The mystery, without giving away too much, turns out to be a lesson in film history, which, I must say, I wasn’t expecting. That is not to say the film loses any of its charm as Martin Scorsese pays tribute to the silent era of cinema – these scenes are as visually inventive and whimsical as anything else in the film – but I wonder: To what degree will the film’s younger audience appreciate this sudden turn? Hugo is a bit overlong, especially considering that it is being marketed as a family adventure, and by its second half its gradual pacing begins to feel like the film is dragging its heels.

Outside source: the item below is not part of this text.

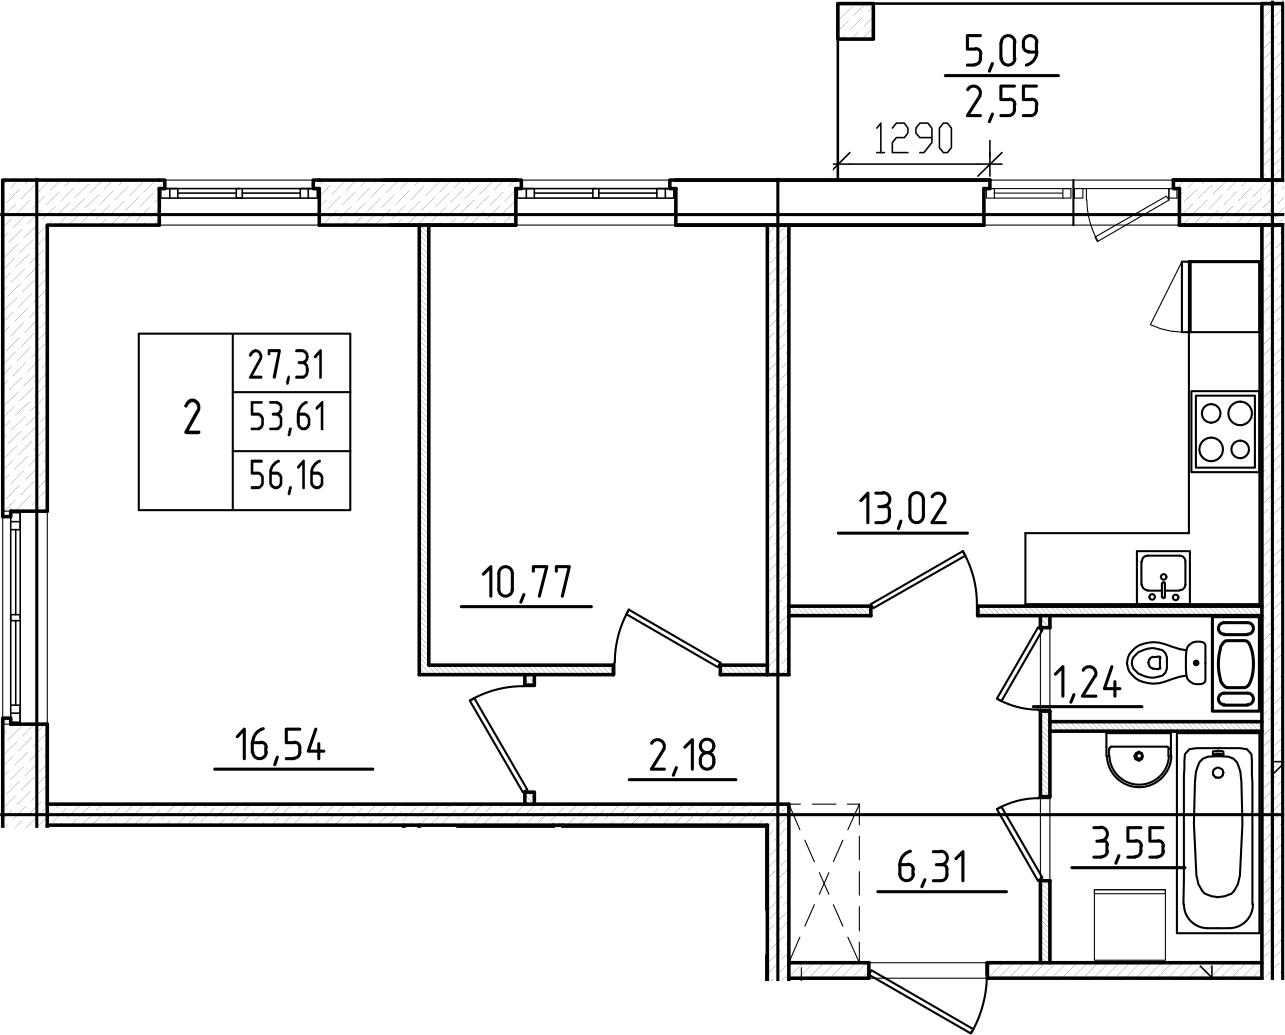 2-к.кв, 56.16 м², от 4 этажа

This is no fault of Hugo’s young stars though, who carry the film nicely. Asa Butterfield is a strong and amiable lead and Chloë Grace Moretz shows her range as the plucky bookworm. The adults stand by to support them and Sacha Baron Cohen’s comic timing looks to have cross-generational appeal (to both older and younger audiences than his typically raunchy, scatological characters attract).

The film’s 3D gives a number of shots an added layer of wonder but Hugo’s most visually appealing qualities – its muted colors, its meticulous set design – do not need the effect; they are enchanting enough on their own. So while Martin Scorsese’s first use of 3D is well executed, I cannot say it was worth adding $5 to the ticket price. This continues to be 3D’s biggest drawback. I’m willing to remain open to each filmmaker’s take on the technology but not at these prices.

Mr. Scorsese looks to be on-board with it though. By evoking the dazzling imagination and visuals of cinema’s earliest works, he argues that the movies have always been about the spectacle of technological innovation. I wonder if the film might have been more effective had it gone even bigger – more magic! more mystery! – and if it had more of its director’s characteristic vigor and energy. In its quiet way though, the film ever so gently reminds us of the movies’ ability to inspire wonder and to invent.